算法培训
第一节
最长回文子串
给出一个字符串(假设长度最长为1000),求出它的最长回文子串,你可以假定只有一个满足条件的最长回文串。
样例
给出字符串 "abcdzdcab",它的最长回文子串为 "cdzdc"。
挑战
O(n2) 时间复杂度的算法是可以接受的,如果你能用 O(n) 的算法那自然更好。
我的n^3代码:
class Solution:
"""
@param s: input string
@return: the longest palindromic substring
"""
def longestPalindrome(self, s):
# write your code here
start, end = 0, 0
for i in range(0, len(s)):
for j in range(i, len(s)):
if (j-i)>(end-start) and self.isPalind(s, i, j):
start, end = i, j
return s[start:end+1]
def isPalind(self, s, i, j):
while i<j:
if s[i] != s[j]:
return False
i += 1
j -= 1
return True
从中心点左右遍历的解法,注意回文是奇偶情况,这才是这个题目的关键点:
class Solution:
"""
@param s: input string
@return: the longest palindromic substring
"""
def longestPalindrome(self, s):
# write your code here
start,end = 0,0
n = len(s)
def locatePalindrome(s, i, j):
nonlocal start,end
while i>=0 and j<n:
if s[i] == s[j]:
if end-start < j-i+1:
start,end = i,j+1
else:
break
i -= 1
j += 1
for i in range(n):
# center i
locatePalindrome(s, i, i)
# center i,i+1
locatePalindrome(s, i, i+1)
return s[start:end]
DP解法:细节有点多,不一定能够写对。
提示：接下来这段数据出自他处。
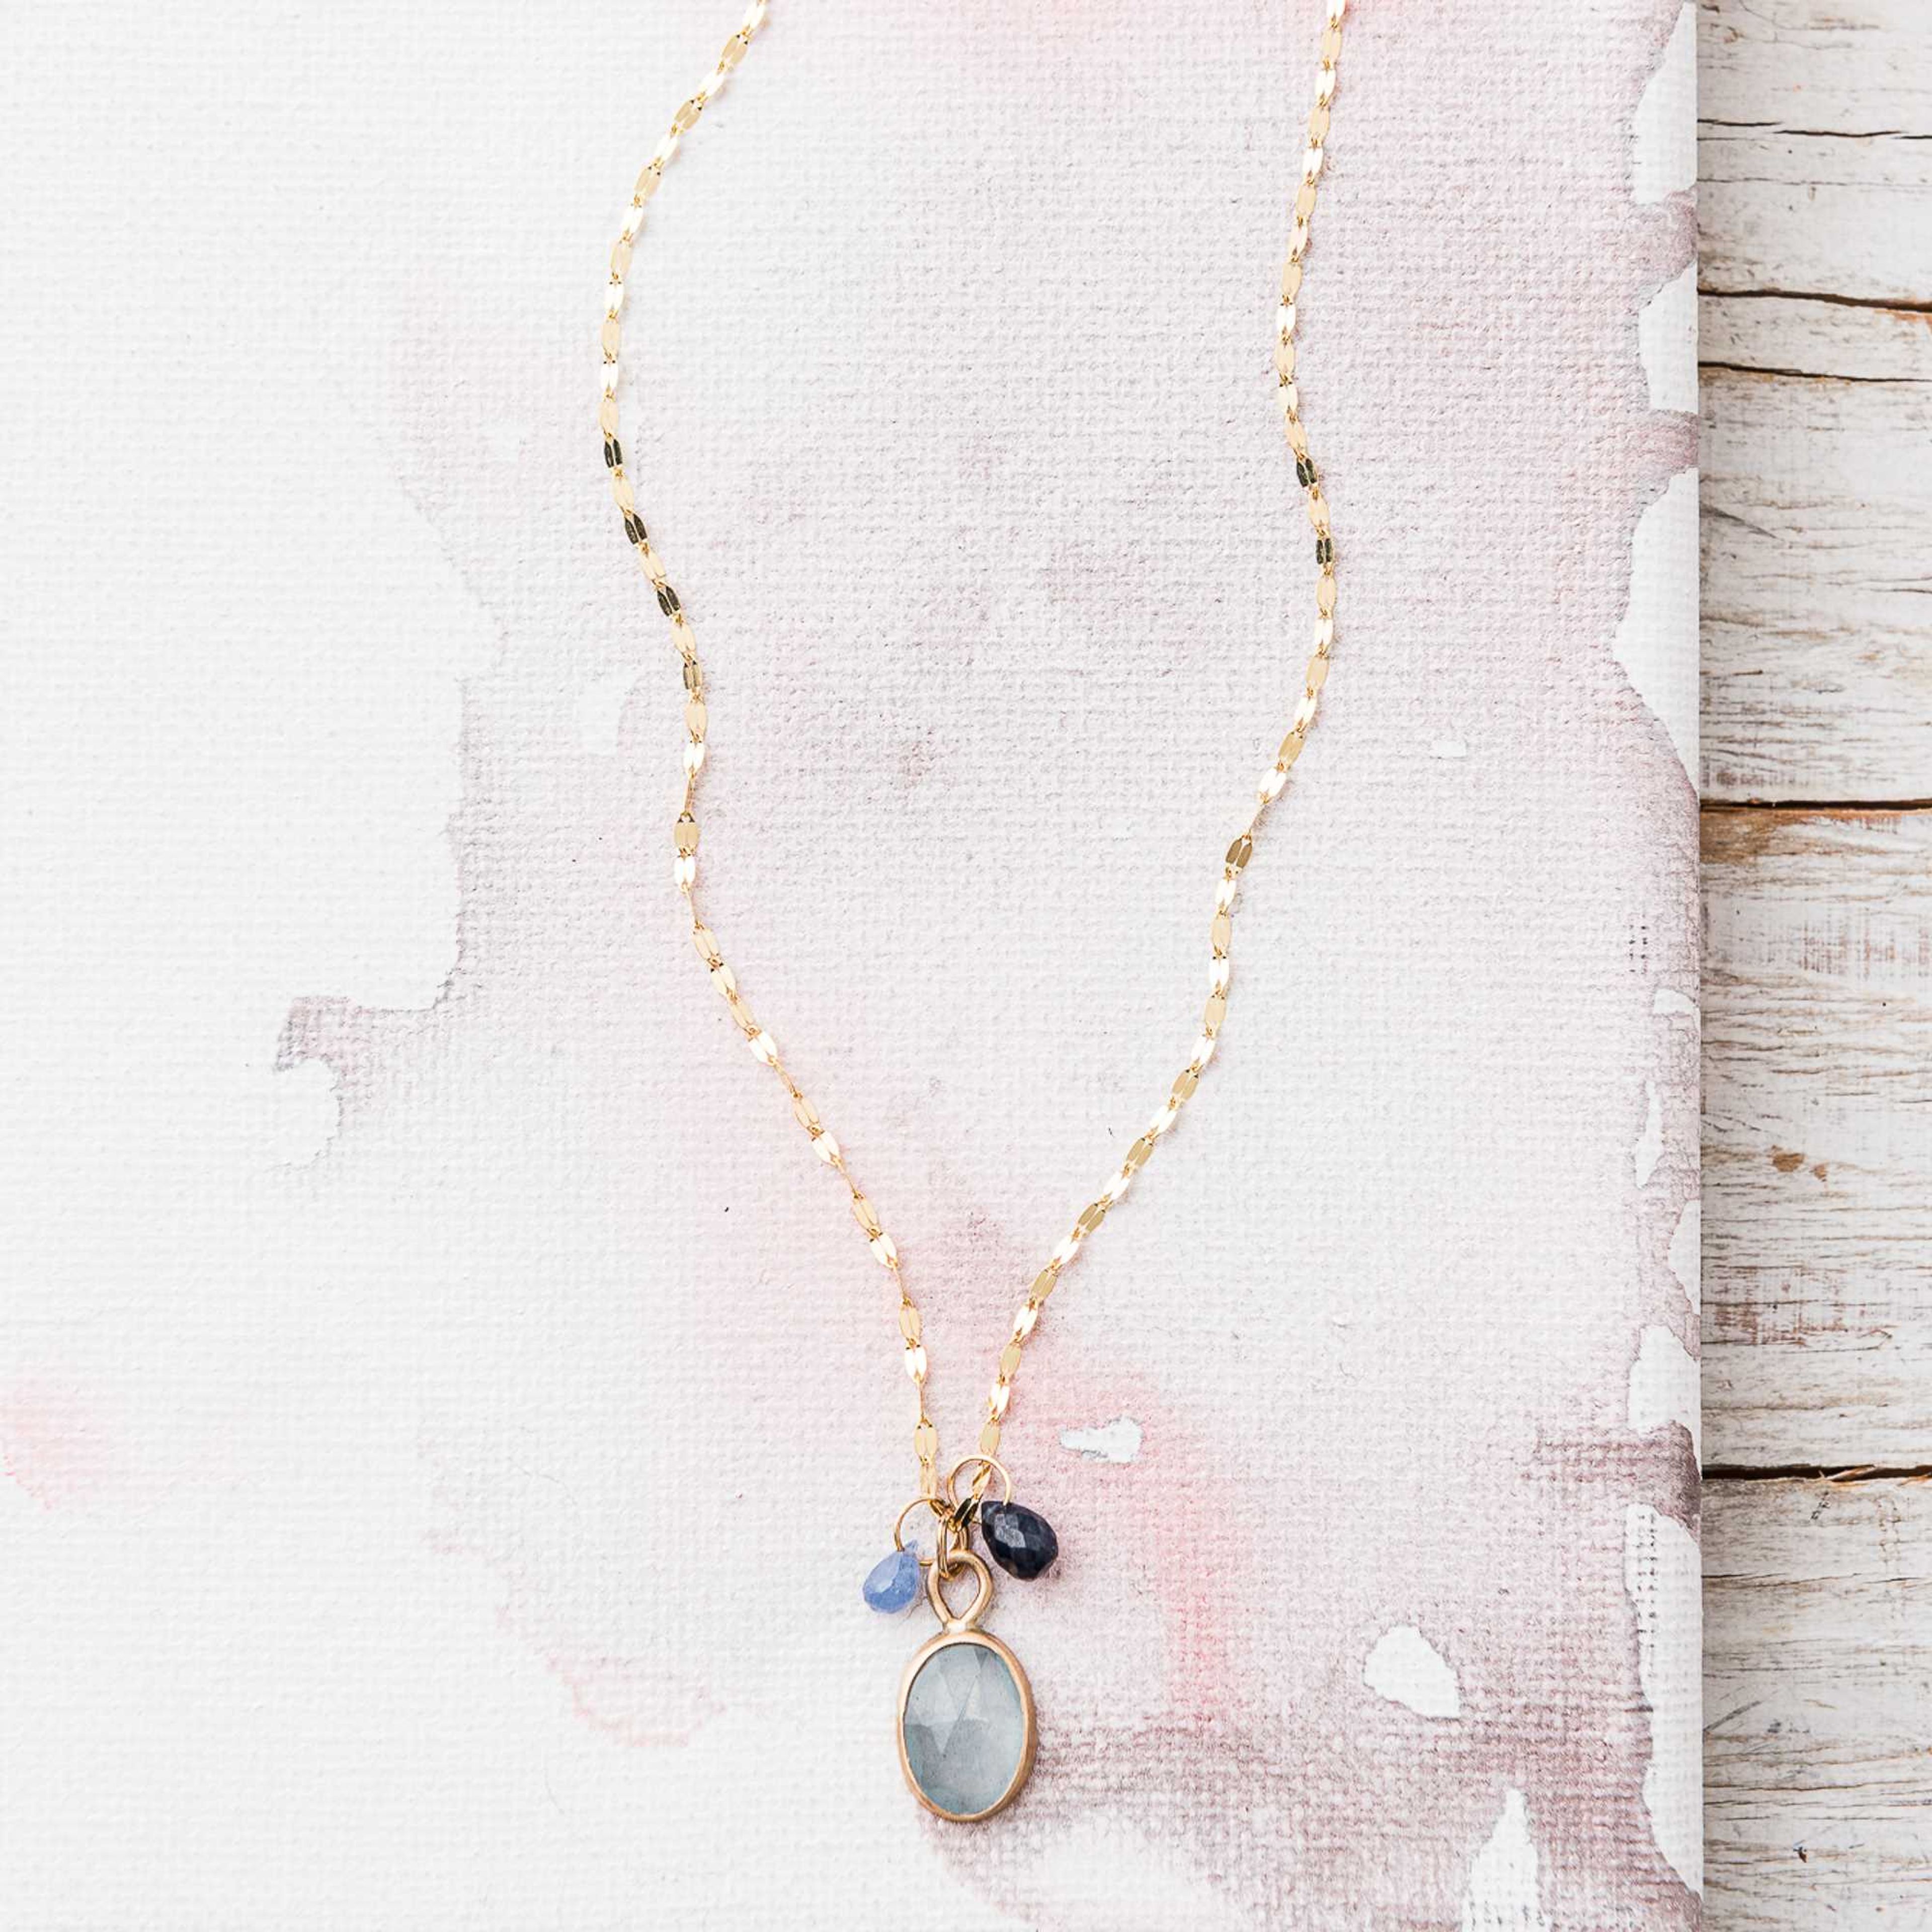 Aquamarine Necklace with Sapphire Charms

。。尤其是那个for是从大到小递减。
class Solution:
"""
@param s: input string
@return: the longest palindromic substring
"""
def longestPalindrome(self, s):
# write your code here
start = end = 0
n = len(s)
dp = [[False]*n for _ in range(n)]
for i in range(n-1, -1, -1): # for i in range(0, n) WRONG!!!!
for j in range(i, n):
if i == j:
dp[i][j] = True
else:
dp[i][j] = (s[i] == s[j]) and (j==i+1 or dp[i+1][j-1])
if dp[i][j] and (j-i+1) > (end-start):
start, end = i, j+1
return s[start:end]
Why is it not working if outside loop use for (int i = 0; i < n; i++)?
因为推导公式里 i 依赖于 i+1,所以i+1要比 i 先算出来,所以要倒过来循环。